Timelio Raises $5M to Continue Supporting Small Businesses

Timelio is a Melbourne-based fintech startup looking to disrupt traditional lending models by allowing businesses to turn invoices into cash by selling their invoices online on a P2P marketplace.  It raised $5 million via an equity funding round last month.  The investment is backed by the Thorney Investment Group, as well as by former ANZ board director John Dahlsen, who has in the past criticized banks for their lack of innovation.  Timelio intends to use the investment to expand its current team, focusing on leadership, sales, and marketing, as well as to continue developing its technology.  The company launched in 2015 and boasts “trading over $40 million in invoices and growing at rates up to 30% per month”.

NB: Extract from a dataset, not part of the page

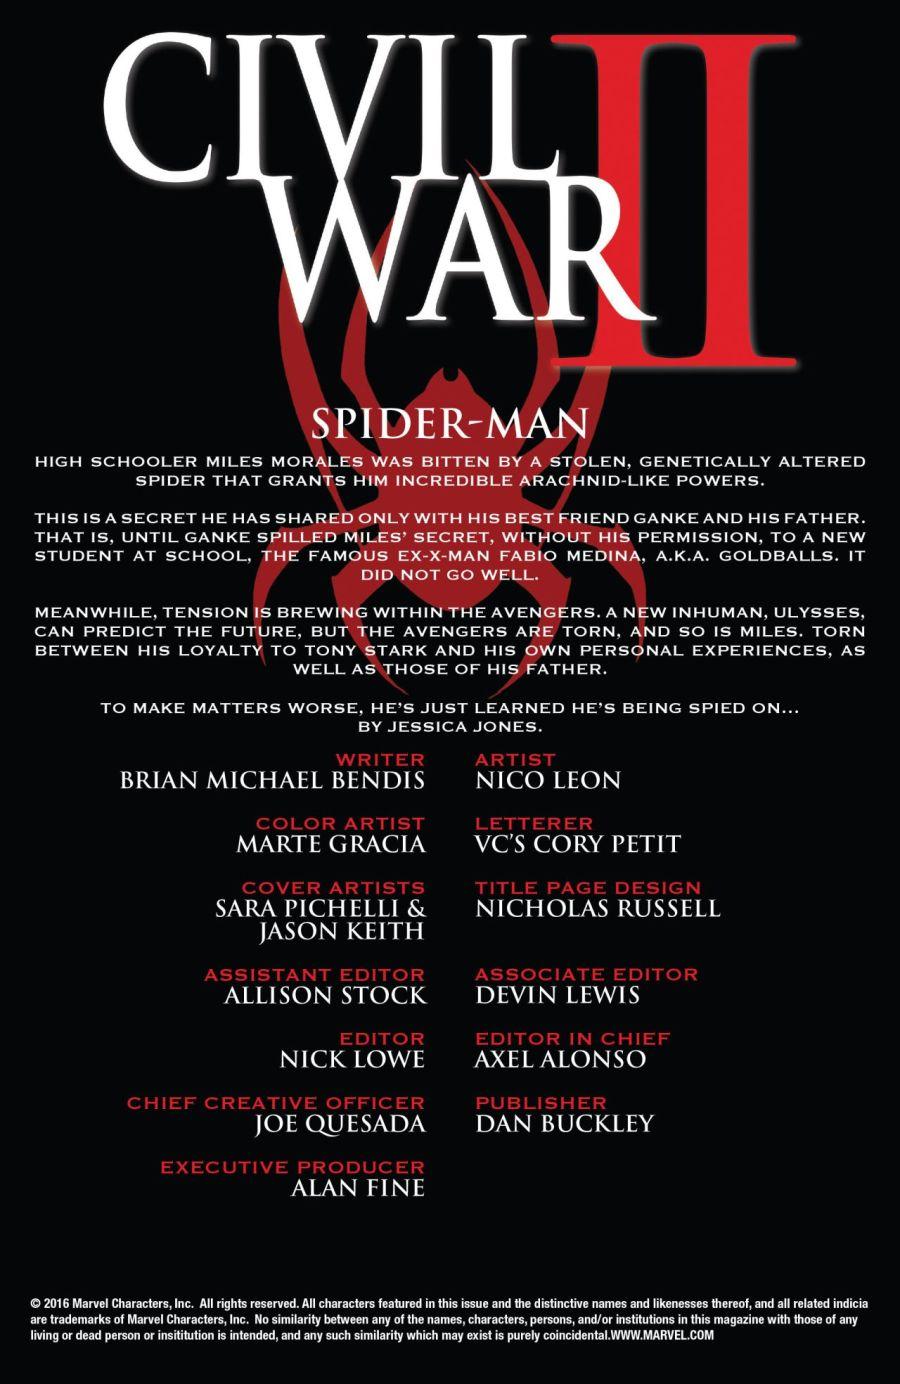 Spider-Man #8
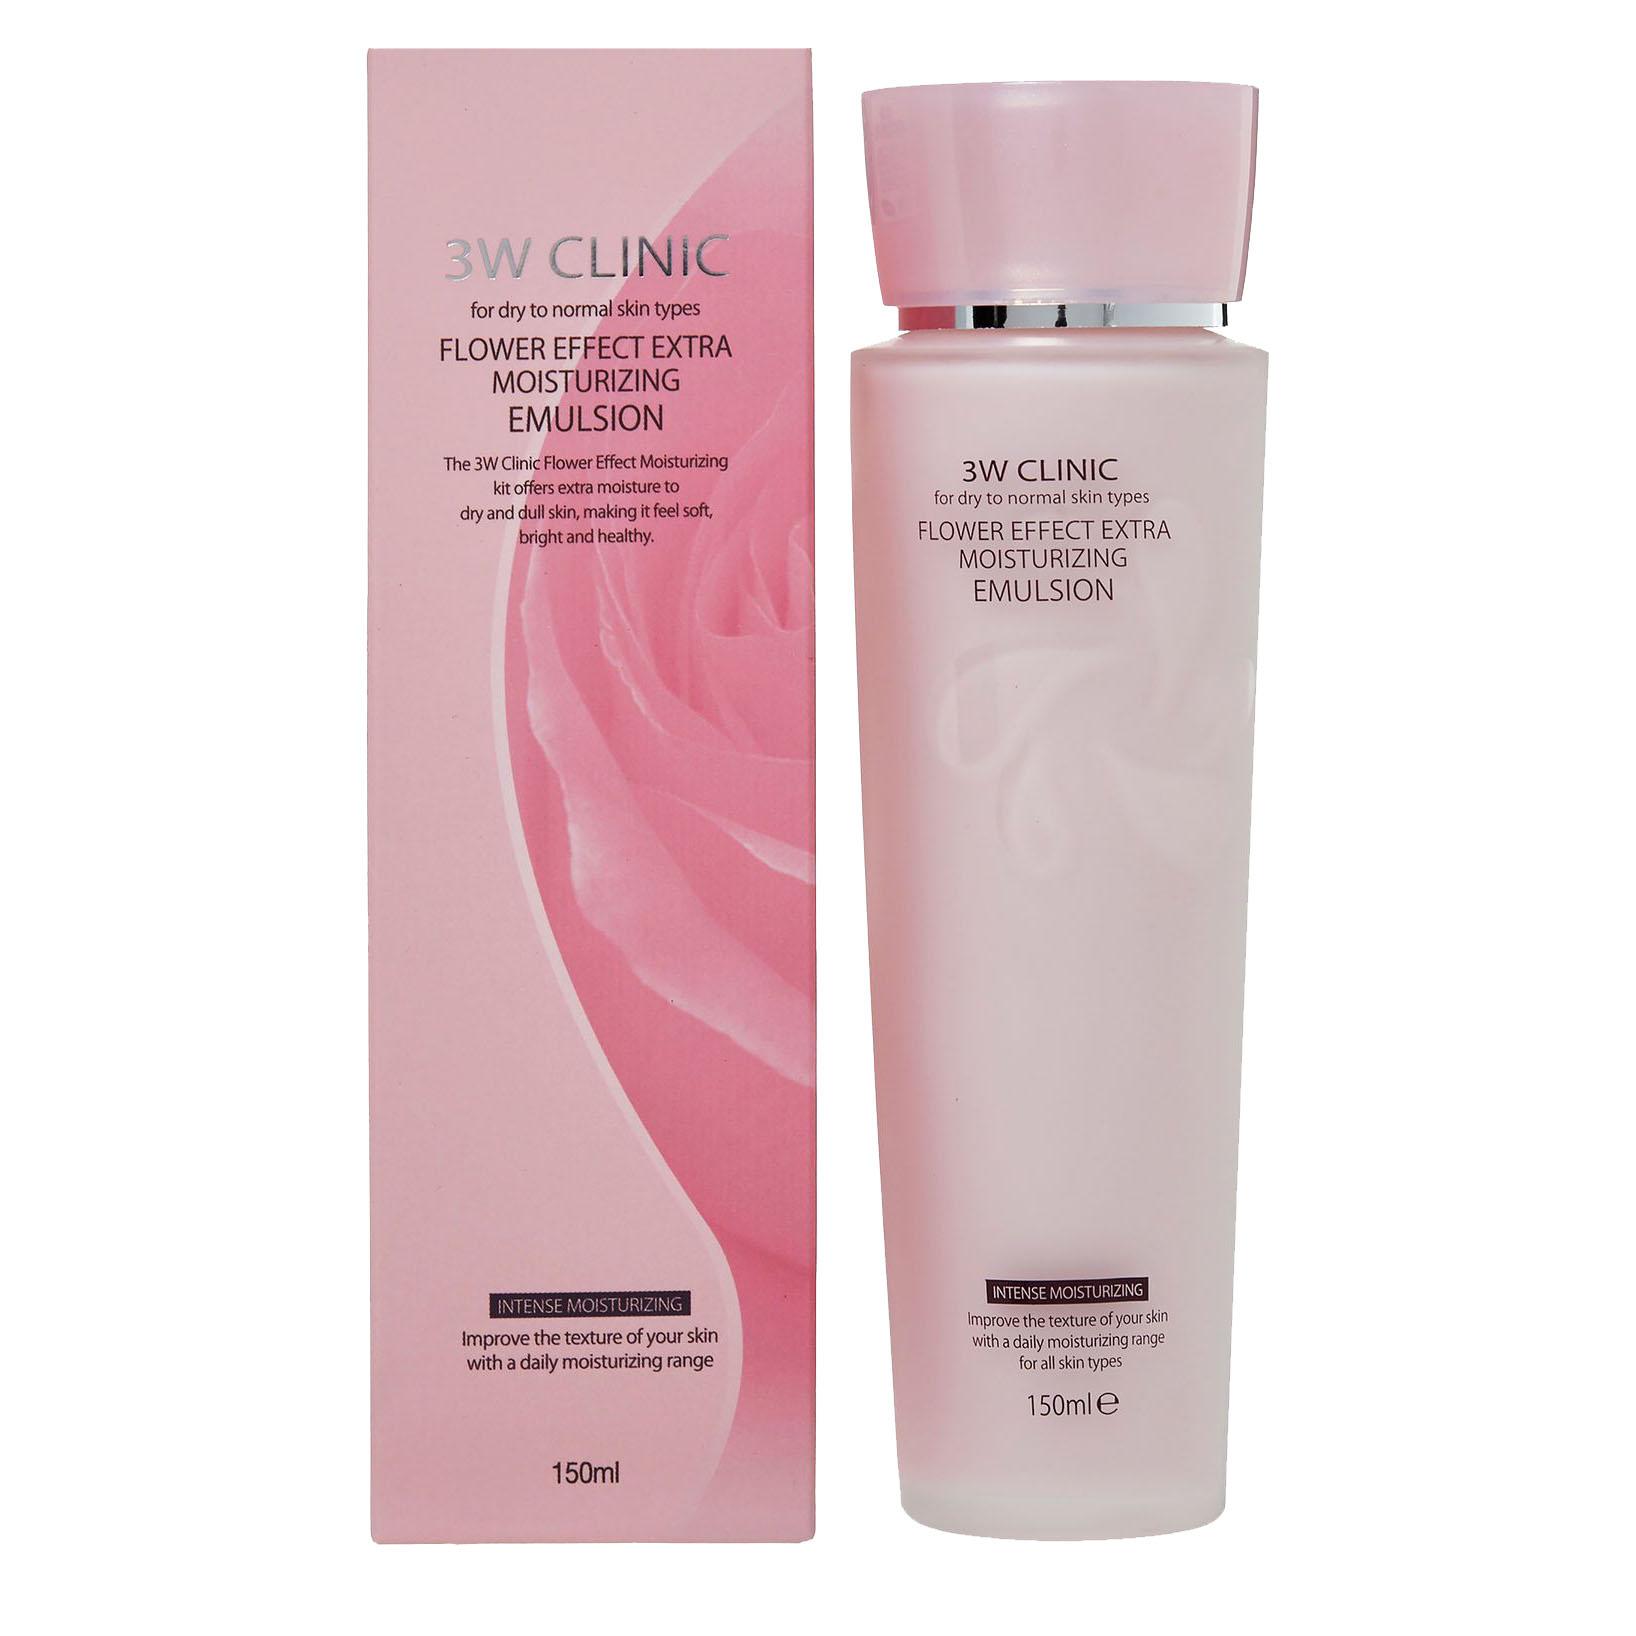 sua-duong-3w-clinic-flower-effect-etra-moisturizing-lotion-review-thanh-phan-gia-cong-dung

As reported in Australia’s Financial Review:

“According to statistics compiled by the Ombudsman’s office, 90 per cent of small business failures are due to poor cashflow, small businesses are owed $26 million in unpaid invoices and the average owed for each small business at any one time is $13,200. In addition, small business owners spend an average 12 days a year chasing unpaid invoices and 27 per cent of small businesses have been forced to take out loans to pay their suppliers and wages.”

Co-founder and CEO Charlotte Petris describes that technology has not yet fully disrupted the space for small businesses to directly connect with investors to access fast and flexible growth capital.  According to Petris;


“Increasing the awareness of new financing options for consumers and SMEs will help businesses across Australia take advantage of new opportunities for growth and create new jobs. Access to finance for businesses is proven to increase turnover, employment and profitability. …

30% of businesses miss opportunities because of a lack of access to capital. Every business that does not receive the funding they need, is not increasing productivity, is not bringing on new employees and this has a knock-on effect throughout the economy. Availability of appropriate finance is essential to ensure that businesses can achieve their potential and contribute to Australia’s economic future.”